Eddie bought Mu a drink, and muttered something about how all this was going on expenses, and it was going to be Ronald’s shout in a big way whenever he returned to Bangkok.

  As we were leaving, Mu called to us: “Hey, what’s another word for ‘generous’?” She was frowning thoughtfully and chewing on her pen.

  “’Gullible’,” said Eddie. “G-U-L-L-I-B-L-E. Or ‘softheaded’. Either one.”

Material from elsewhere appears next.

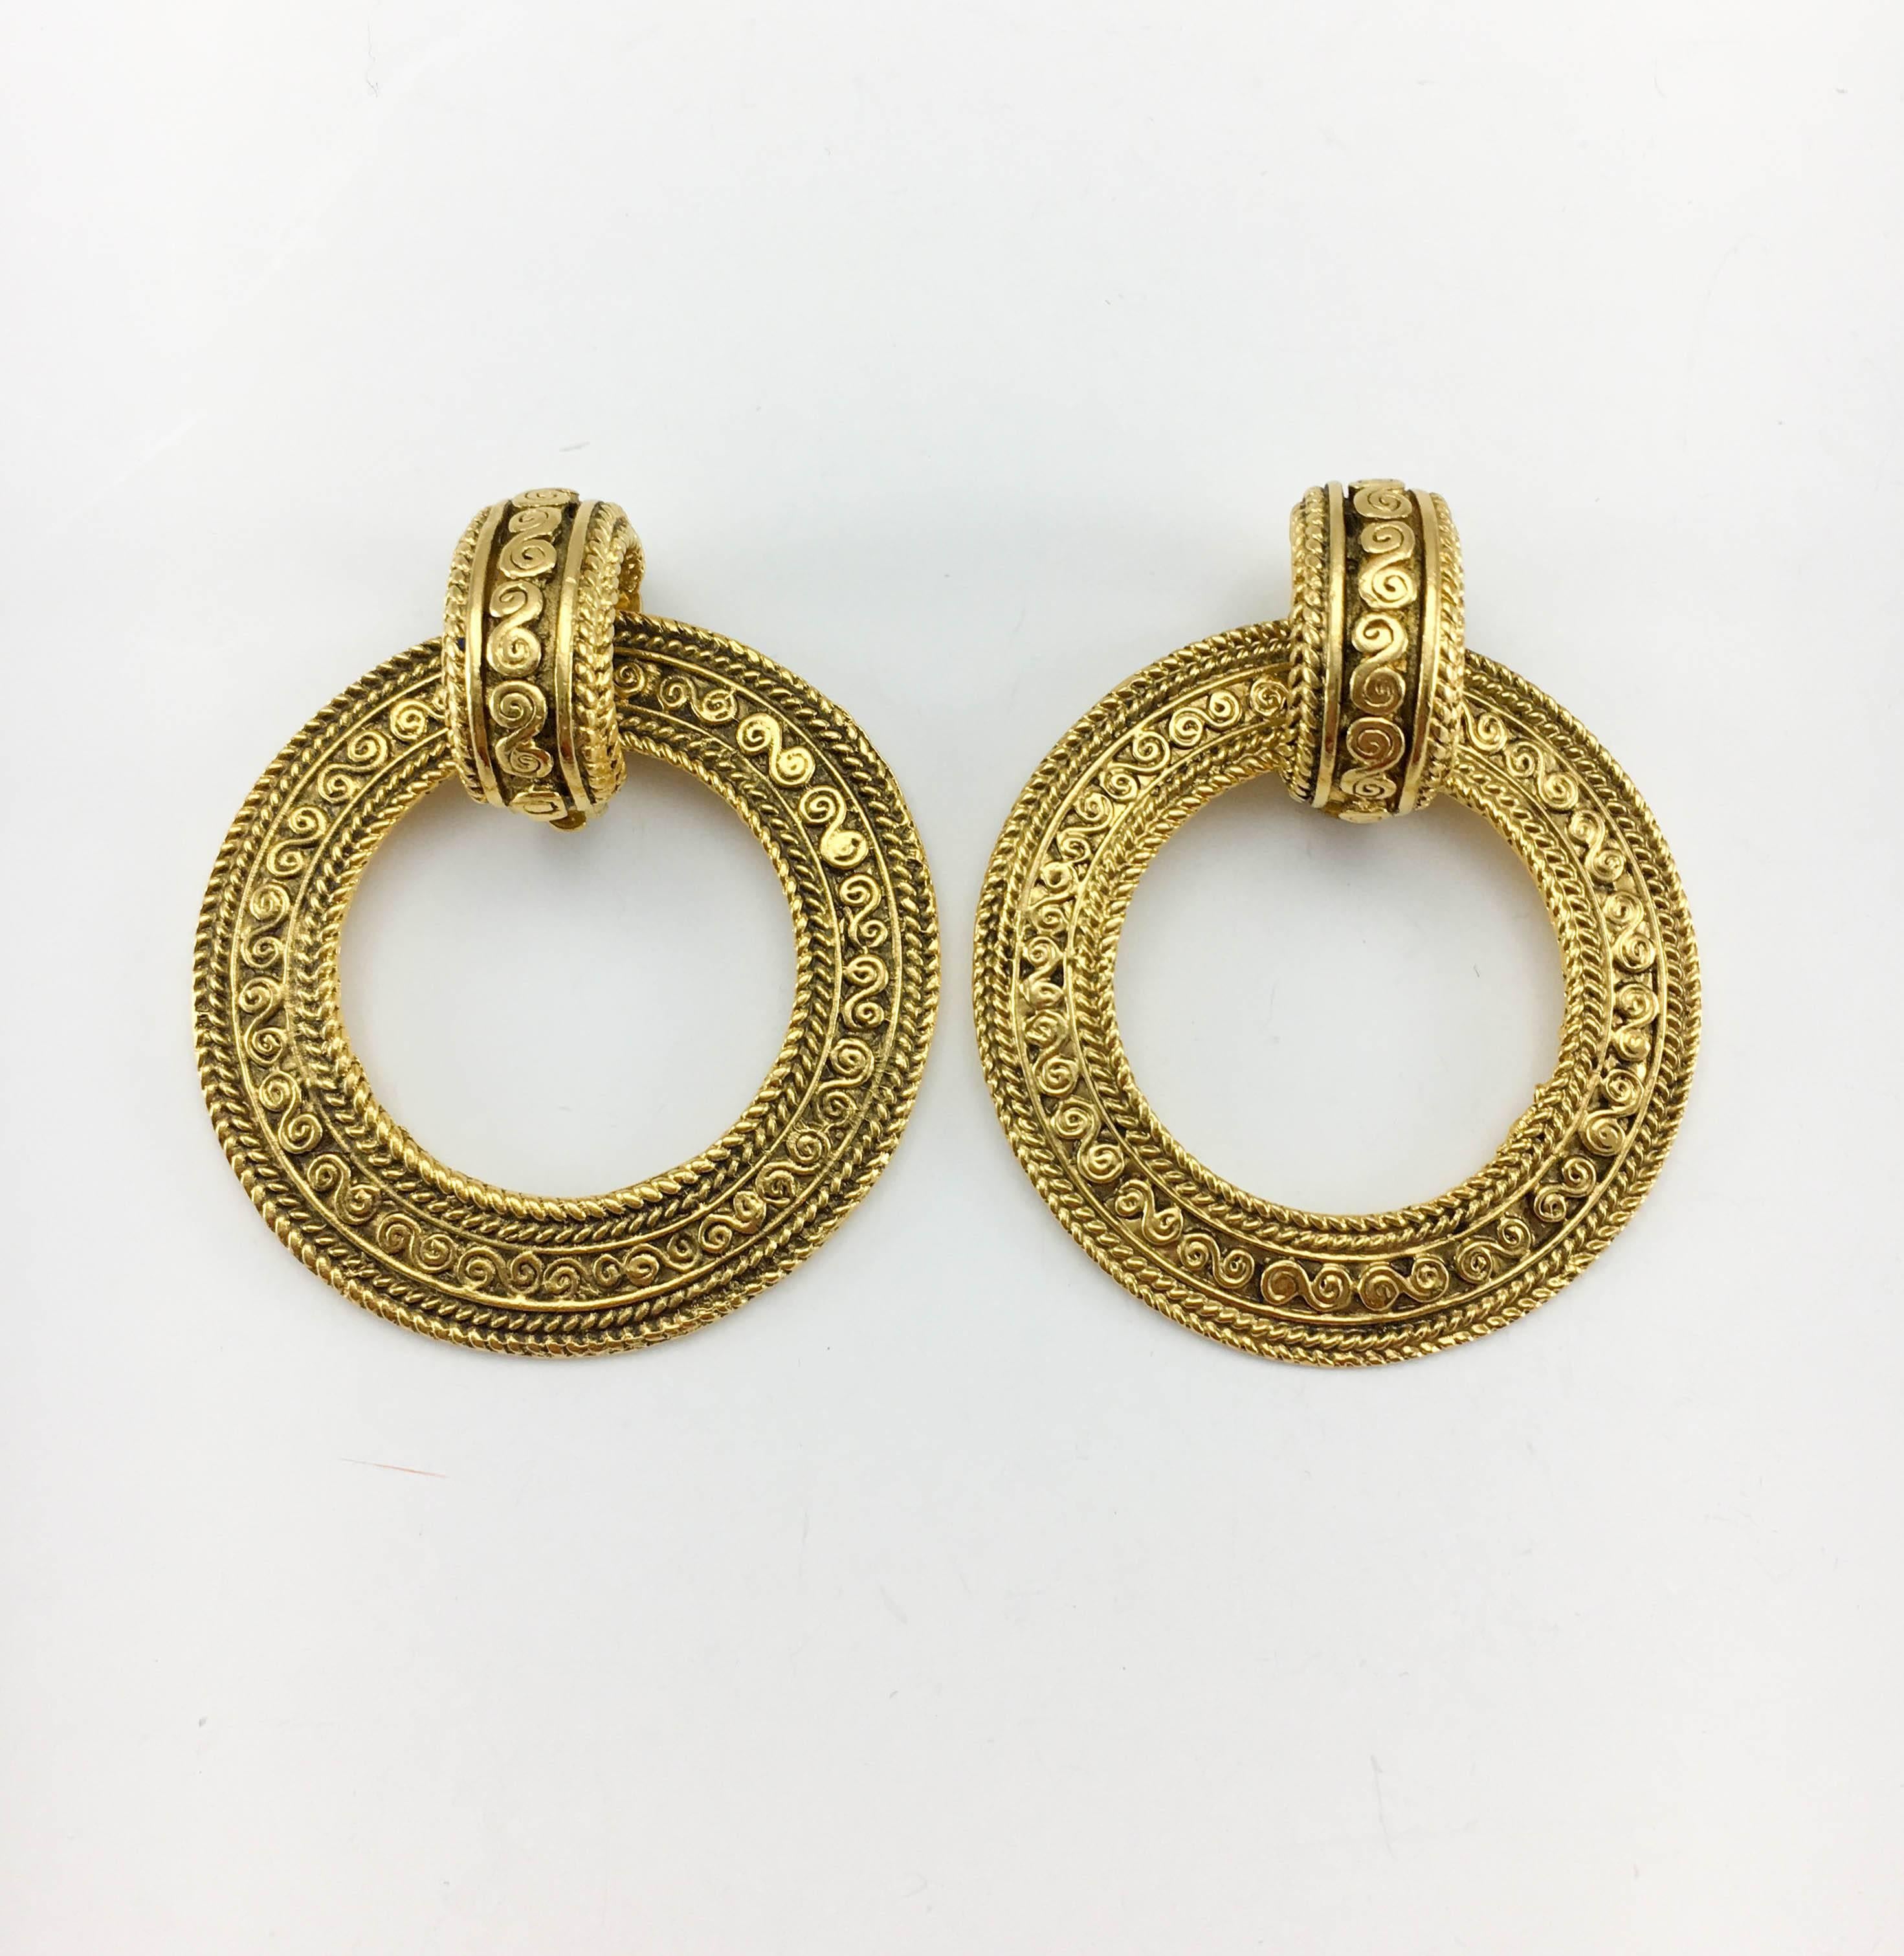 Gorgeous Vintage Chanel Large Hoop Earrings. These amazing earrings by Chanel date back from the 1980’s. Gold-plated, the baroque-inspired design shows intricate details. Versatile, they can be worn as large, statement door-knocker style hoops, or

  At Skipjacks Ann spotted me before I saw her, and she came right over to join us at our table. Not a bad joint, this establishment featured hand-lettered signs advertising greasy-spoon-style farang food and waitresses dolled up in frilly dresses that almost covered their knees. They all had legs like racehorses. There were several customers sitting about the place drinking beer and joshing with the girls. Nice soft music, and lots of air-conditioning. Quite the little oasis — a quiet retreat from the hustle and hassle out on the street. I ordered a hot roast beef sandwich, something I hadn’t had in years. Lots of thick gravy, and french fries on the side.

  I’d introduced Ann and Eddie, and they were having a nice chat about Ronald. Eddie finally got around to mentioning he had a message from that very individual.

  “He didn’t write me” said Ann with a pretty pout.

  “Well, he wanted this news to be kind of private, you see... Ah, he wanted to tell you he’s... urn... sick.”

  “Sick? Oh, my poor Ronald from Riyadh. What’s wrong?”

  Skipjacks was fairly quiet anyway, but just at this moment one of those strange hushes fell over the place; everyone sort of paused to reflect on life’s rich pageant all at the same time. Right in the middle of this hush, Eddie said: “He’s sick. You know—sick” And he waggled his eyebrows meaningfully. The very soul of discretion, he elaborated further by flicking the most fleeting of glances towards his lap.